PROBLEM DESCRIPTION: The answer must match the material word for word, with every line included.

RECORDS FOR THE TASK:
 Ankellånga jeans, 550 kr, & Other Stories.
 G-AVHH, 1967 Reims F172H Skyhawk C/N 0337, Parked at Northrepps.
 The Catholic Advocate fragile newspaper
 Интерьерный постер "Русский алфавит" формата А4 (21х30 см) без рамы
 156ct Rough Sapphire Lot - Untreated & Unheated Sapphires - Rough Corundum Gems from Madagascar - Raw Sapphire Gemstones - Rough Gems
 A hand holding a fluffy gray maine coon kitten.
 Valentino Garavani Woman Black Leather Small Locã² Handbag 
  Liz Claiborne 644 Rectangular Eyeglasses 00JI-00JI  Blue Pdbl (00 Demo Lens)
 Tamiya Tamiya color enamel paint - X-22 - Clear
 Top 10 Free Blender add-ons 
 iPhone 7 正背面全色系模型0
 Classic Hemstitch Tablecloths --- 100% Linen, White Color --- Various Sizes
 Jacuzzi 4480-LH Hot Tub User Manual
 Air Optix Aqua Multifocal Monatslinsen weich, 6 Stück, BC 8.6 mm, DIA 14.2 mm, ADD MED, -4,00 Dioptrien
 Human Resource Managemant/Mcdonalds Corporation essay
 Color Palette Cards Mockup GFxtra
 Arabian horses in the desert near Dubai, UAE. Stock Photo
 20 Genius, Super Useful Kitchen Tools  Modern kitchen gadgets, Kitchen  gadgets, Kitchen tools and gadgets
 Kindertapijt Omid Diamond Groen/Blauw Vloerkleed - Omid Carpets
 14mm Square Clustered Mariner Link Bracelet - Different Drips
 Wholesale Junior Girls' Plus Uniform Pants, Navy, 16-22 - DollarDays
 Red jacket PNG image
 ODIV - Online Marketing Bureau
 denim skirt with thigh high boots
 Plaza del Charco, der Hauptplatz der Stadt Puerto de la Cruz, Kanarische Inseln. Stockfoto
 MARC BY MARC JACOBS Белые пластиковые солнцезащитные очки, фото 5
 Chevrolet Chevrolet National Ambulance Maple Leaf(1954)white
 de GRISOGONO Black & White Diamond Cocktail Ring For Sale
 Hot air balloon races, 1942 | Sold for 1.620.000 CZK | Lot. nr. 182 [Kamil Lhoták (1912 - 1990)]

WRITTEN ANSWER:
 Ankellånga jeans, 550 kr, & Other Stories.
 G-AVHH, 1967 Reims F172H Skyhawk C/N 0337, Parked at Northrepps.
 The Catholic Advocate fragile newspaper
 Интерьерный постер "Русский алфавит" формата А4 (21х30 см) без рамы
 156ct Rough Sapphire Lot - Untreated & Unheated Sapphires - Rough Corundum Gems from Madagascar - Raw Sapphire Gemstones - Rough Gems
 A hand holding a fluffy gray maine coon kitten.
 Valentino Garavani Woman Black Leather Small Locã² Handbag 
  Liz Claiborne 644 Rectangular Eyeglasses 00JI-00JI  Blue Pdbl (00 Demo Lens)
 Tamiya Tamiya color enamel paint - X-22 - Clear
 Top 10 Free Blender add-ons 
 iPhone 7 正背面全色系模型0
 Classic Hemstitch Tablecloths --- 100% Linen, White Color --- Various Sizes
 Jacuzzi 4480-LH Hot Tub User Manual
 Air Optix Aqua Multifocal Monatslinsen weich, 6 Stück, BC 8.6 mm, DIA 14.2 mm, ADD MED, -4,00 Dioptrien
 Human Resource Managemant/Mcdonalds Corporation essay
 Color Palette Cards Mockup GFxtra
 Arabian horses in the desert near Dubai, UAE. Stock Photo
 20 Genius, Super Useful Kitchen Tools  Modern kitchen gadgets, Kitchen  gadgets, Kitchen tools and gadgets
 Kindertapijt Omid Diamond Groen/Blauw Vloerkleed - Omid Carpets
 14mm Square Clustered Mariner Link Bracelet - Different Drips
 Wholesale Junior Girls' Plus Uniform Pants, Navy, 16-22 - DollarDays
 Red jacket PNG image
 ODIV - Online Marketing Bureau
 denim skirt with thigh high boots
 Plaza del Charco, der Hauptplatz der Stadt Puerto de la Cruz, Kanarische Inseln. Stockfoto
 MARC BY MARC JACOBS Белые пластиковые солнцезащитные очки, фото 5
 Chevrolet Chevrolet National Ambulance Maple Leaf(1954)white
 de GRISOGONO Black & White Diamond Cocktail Ring For Sale
 Hot air balloon races, 1942 | Sold for 1.620.000 CZK | Lot. nr. 182 [Kamil Lhoták (1912 - 1990)]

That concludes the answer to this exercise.